Required work. Print the range of lines that opens with the line containing "A loveseat that seats up to three people" and closes with the last line of the listing. Include both ends; print nothing more.

Raw data.
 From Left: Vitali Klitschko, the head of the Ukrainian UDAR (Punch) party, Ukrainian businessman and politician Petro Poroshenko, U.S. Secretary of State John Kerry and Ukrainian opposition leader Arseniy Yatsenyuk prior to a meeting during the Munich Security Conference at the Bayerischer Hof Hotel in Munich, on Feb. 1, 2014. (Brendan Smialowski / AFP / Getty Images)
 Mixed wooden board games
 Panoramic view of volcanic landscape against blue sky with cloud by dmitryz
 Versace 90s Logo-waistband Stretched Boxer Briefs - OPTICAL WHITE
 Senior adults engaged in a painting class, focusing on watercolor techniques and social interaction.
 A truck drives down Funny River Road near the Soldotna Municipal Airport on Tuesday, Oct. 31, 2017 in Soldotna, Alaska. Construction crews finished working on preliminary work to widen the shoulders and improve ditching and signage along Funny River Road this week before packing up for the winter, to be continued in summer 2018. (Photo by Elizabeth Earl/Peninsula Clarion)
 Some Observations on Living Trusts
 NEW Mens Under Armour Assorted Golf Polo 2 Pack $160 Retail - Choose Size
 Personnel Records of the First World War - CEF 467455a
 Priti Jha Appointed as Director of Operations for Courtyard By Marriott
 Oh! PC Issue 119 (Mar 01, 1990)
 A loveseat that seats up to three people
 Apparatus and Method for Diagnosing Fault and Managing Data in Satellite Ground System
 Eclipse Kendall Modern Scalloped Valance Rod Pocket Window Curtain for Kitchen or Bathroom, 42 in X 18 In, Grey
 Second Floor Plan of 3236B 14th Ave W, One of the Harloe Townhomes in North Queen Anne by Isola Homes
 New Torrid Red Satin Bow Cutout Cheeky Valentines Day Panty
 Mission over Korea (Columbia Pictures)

Your solution.
 A loveseat that seats up to three people
 Apparatus and Method for Diagnosing Fault and Managing Data in Satellite Ground System
 Eclipse Kendall Modern Scalloped Valance Rod Pocket Window Curtain for Kitchen or Bathroom, 42 in X 18 In, Grey
 Second Floor Plan of 3236B 14th Ave W, One of the Harloe Townhomes in North Queen Anne by Isola Homes
 New Torrid Red Satin Bow Cutout Cheeky Valentines Day Panty
 Mission over Korea (Columbia Pictures)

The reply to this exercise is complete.